Plasmodium traguli

Scientific classification
- Domain: Eukaryota
- Clade: Sar
- Clade: Alveolata
- Phylum: Apicomplexa
- Class: Aconoidasida
- Order: Haemospororida
- Family: Plasmodiidae
- Genus: Plasmodium
- Species: P. traguli
- Binomial name: Plasmodium traguli Garnham and Edeson, 1962

= Plasmodium traguli =

- Genus: Plasmodium
- Species: traguli
- Authority: Garnham and Edeson, 1962

Species of single-celled organism

Plasmodium traguli is a parasite of the genus Plasmodium subgenus Vinckeia. As in all Plasmodium species, P. traguli has both vertebrate and insect hosts.

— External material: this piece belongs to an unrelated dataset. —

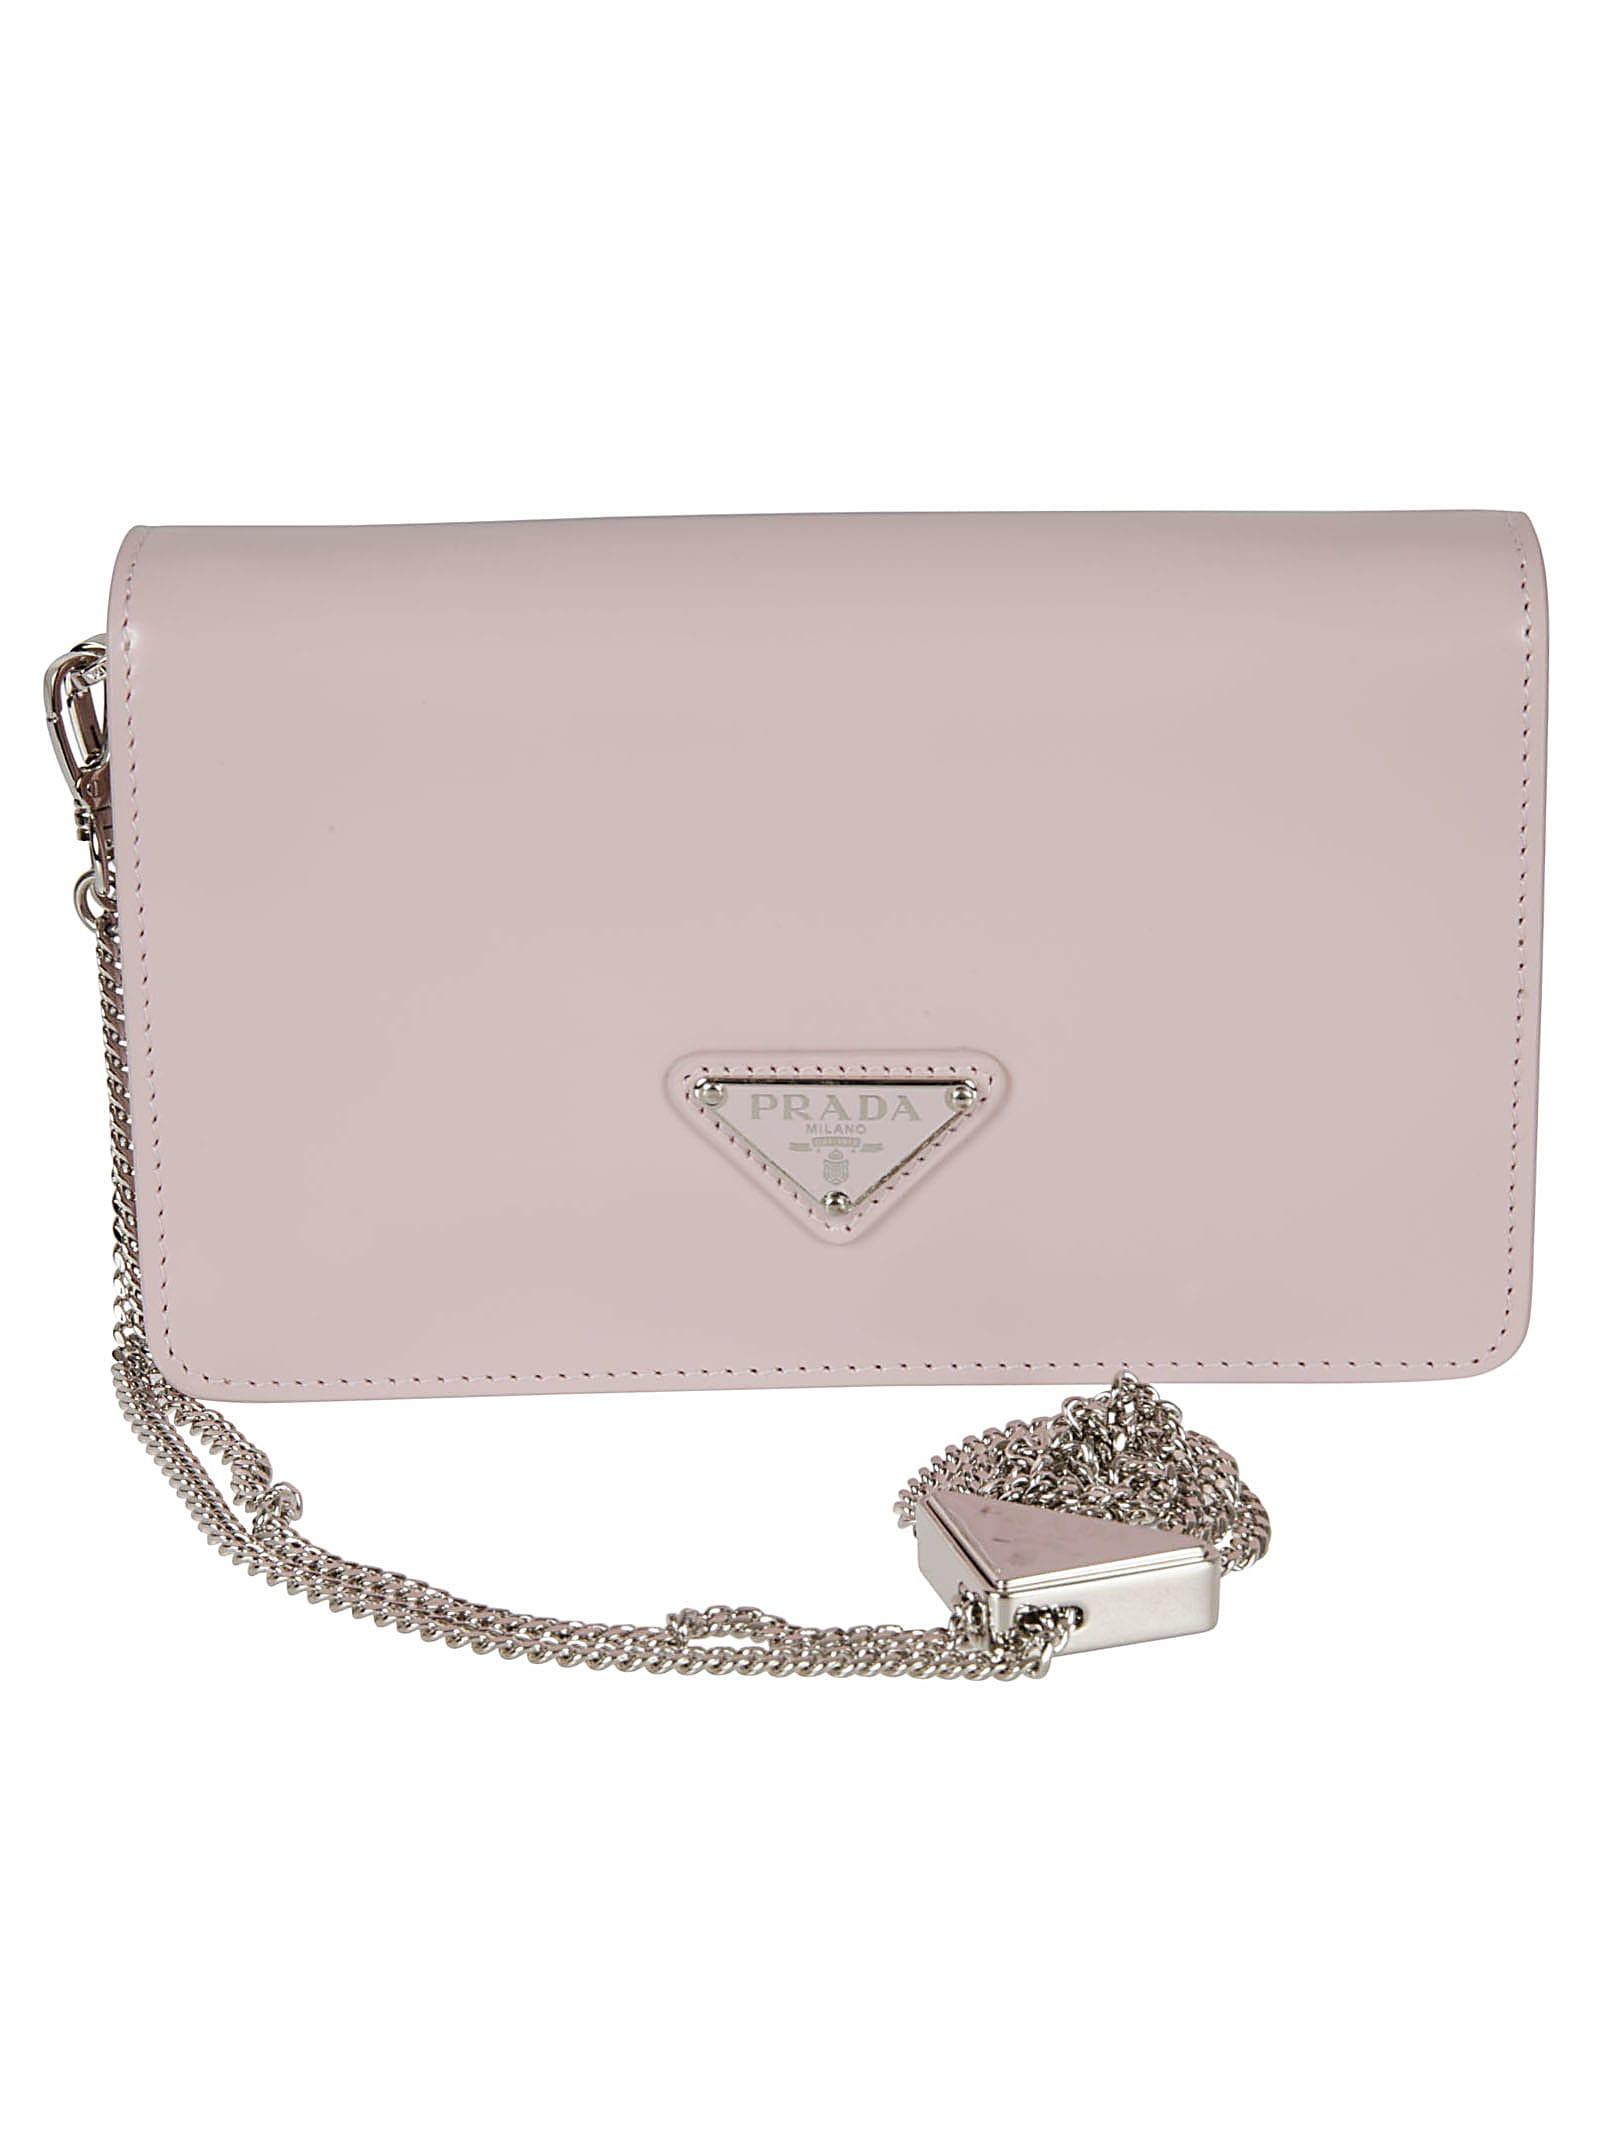 Prada Light Pink Saffiano Leather Wallet On Chain

This particular species infects mouse deer in Southeast Asia.

== Taxonomy ==
The parasite was first described by Garnham and Edeson in 1962.

== Distribution ==
This parasite is found in Malaysia and Sri Lanka.

==Vectors==
Anopheles baezai, Anopheles letifer, Anopheles maculatus, Anopheles roperi and Anopheles umbrosus are known vectors.

Mansonia crassipes may be a vector.

== Hosts ==
This species infects the mouse deer (Tragulus javanicus).